The older I’ve become the more I’ve understood the French feminist Monique Wittig’s argument that lesbians are not women but another gender (a “third” sex or gender as it is sometimes called) because we exist outside of the heterosexual system, which creates a class (or binary) of men and women.
The behaviour and choices of straight women are increasingly inexplicable to me, likewise the behaviour of bisexual women whose dating life revolves around men. With time I’ve diverged and fallen out with straight friends over their decisions regarding men, and the new friends I make seem to be largely queer, or straight women who don’t centre men in their lives. There are several examples of the latter; both the “girl’s girl” and the “fag hag” are commonly tropes that exist across media and reality. The fag hag in particular can be so entrenched in the queer community as to sometimes be part of it, even when not sexually queer.
My divestment from straight, cis men and manhood generally—though not deliberate and simply a consequence of the fact I am mostly drawn towards other women and gay men for conversation and companionship—is seen as hostile, antagonistic or even man-hating to the partners of straight friends of mine. In reality, I’m not thinking about men very much at all. It’s always been amusing to me that lesbians, often cast as misandrist, are generally indifferent to men. The brand of feminism that claims that “men are trash” usually comes from women who date men and whose lives still revolve around men. (As a side note, trans academic Asa Seresin coined a particularly useful phrase “heteropessimism” to refer to this phenomenon.)

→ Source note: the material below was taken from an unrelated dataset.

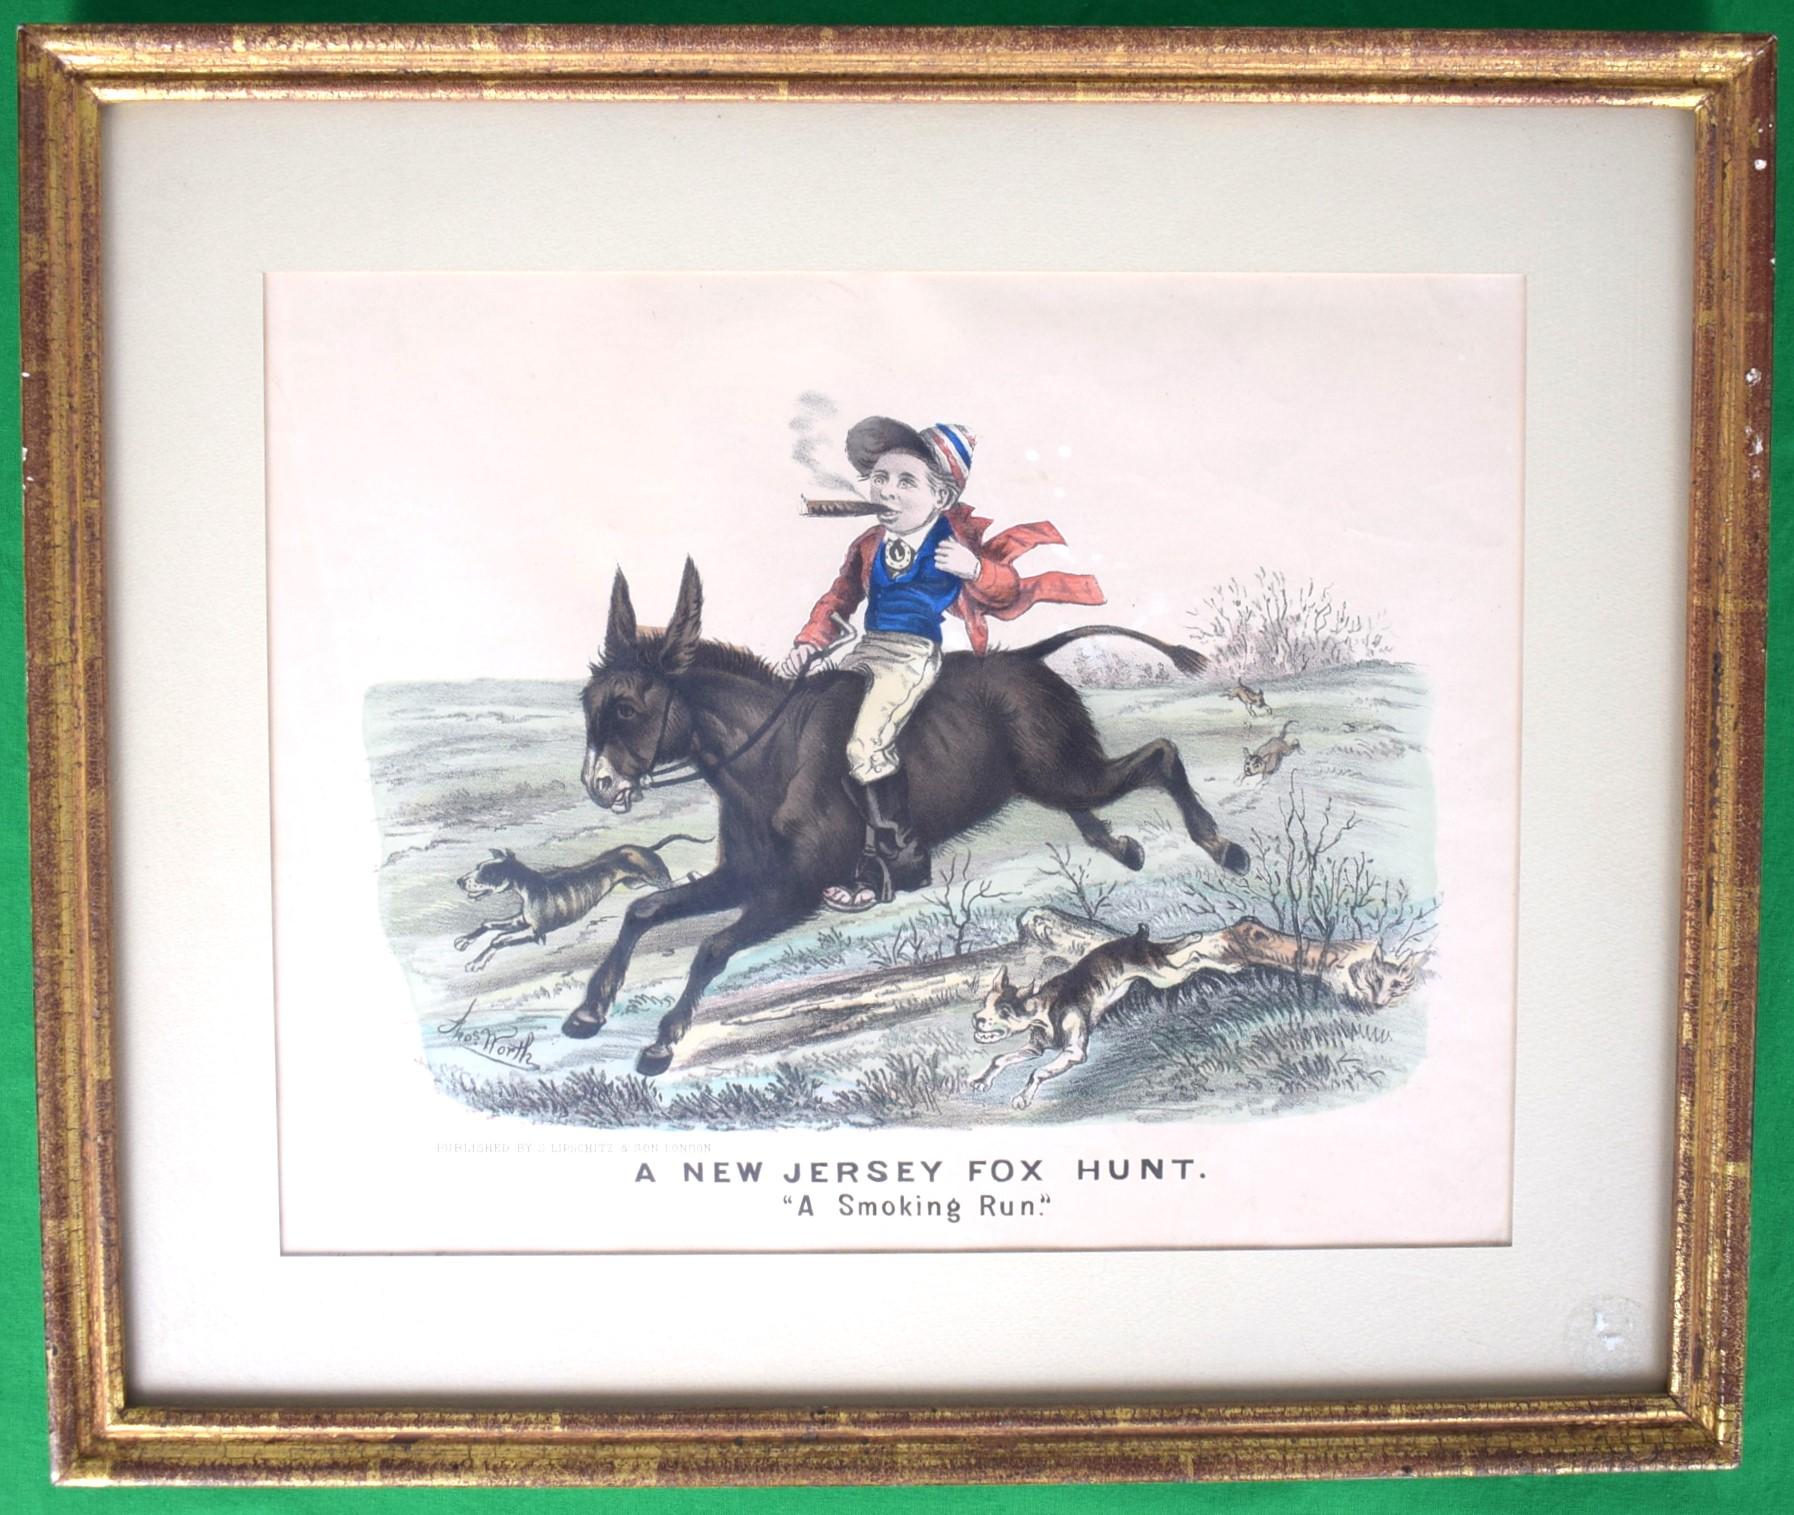 A New Jersey Fox Hunt. "A Smoking Run" by Thomas Worth - Print by Thomas Worth

As a queer person who has grown up immersed in straight culture—as do all queer people, given it is the dominant culture—I understand that straight people experience the world differently to me. However, straight people often assume we experience the world in the same way; when I point out how I view it differently, they often see my perspective as an aberration or a threat. In that way, heterosexuality is a one-way looking glass, with straight people constantly having their expectations and desires reflected back at them by the world, whereas queer people are left observing, interrogating the dominant culture. My dad commented recently “If you’re not a girl or a gay you’re invisible to [my daughter]” and I realised, in a moment of hilarity, that he really sees me. My work could be viewed as not only paid access to my body, but paid access to me by people who I wouldn’t normally engage with. My work plays through a financial transaction with the social contract that exists between men and women.
Of course, the use of “third sex” refers most often to trans people, who are socially and historically seen as falling between the socially constructed binary of men and women, along with hijras, brotherboys, sistergirls, fa’afafine and many other non-western groups (who often also identify as trans themselves). By writing this I am not equating my experience to theirs. I find it interesting, though, to think of the ways in which all women who differ from the socially acceptable norm, such as trans women and lesbians, are marked as not-women. Lesbians, for instance, are only accepted as women when fetishised—when either their femininity or sexuality is seen as still accessible to men. Otherwise they become a “dyke”, sitting outside of male desire.
I think of the word “invert”, used by Radclyffe Hall throughout her notorious lesbian novel The Well of Loneliness (1928), as a word that marks otherness, and could be understood to mean—in modern speaking—either or both a homosexual or trans person. And I think of a friend of mine saying, on Christopher Street Day in Berlin: “Isn’t it funny that we are part of an international queer mafia that straight people just don’t know about.” Her statement feels so accurate. Of course I socialise more thoughtlessly and effortlessly with those whose lifestyles, motivations and ways of forming friendship are similar to mine. Straight people—it’s not personal, it's simply incidental.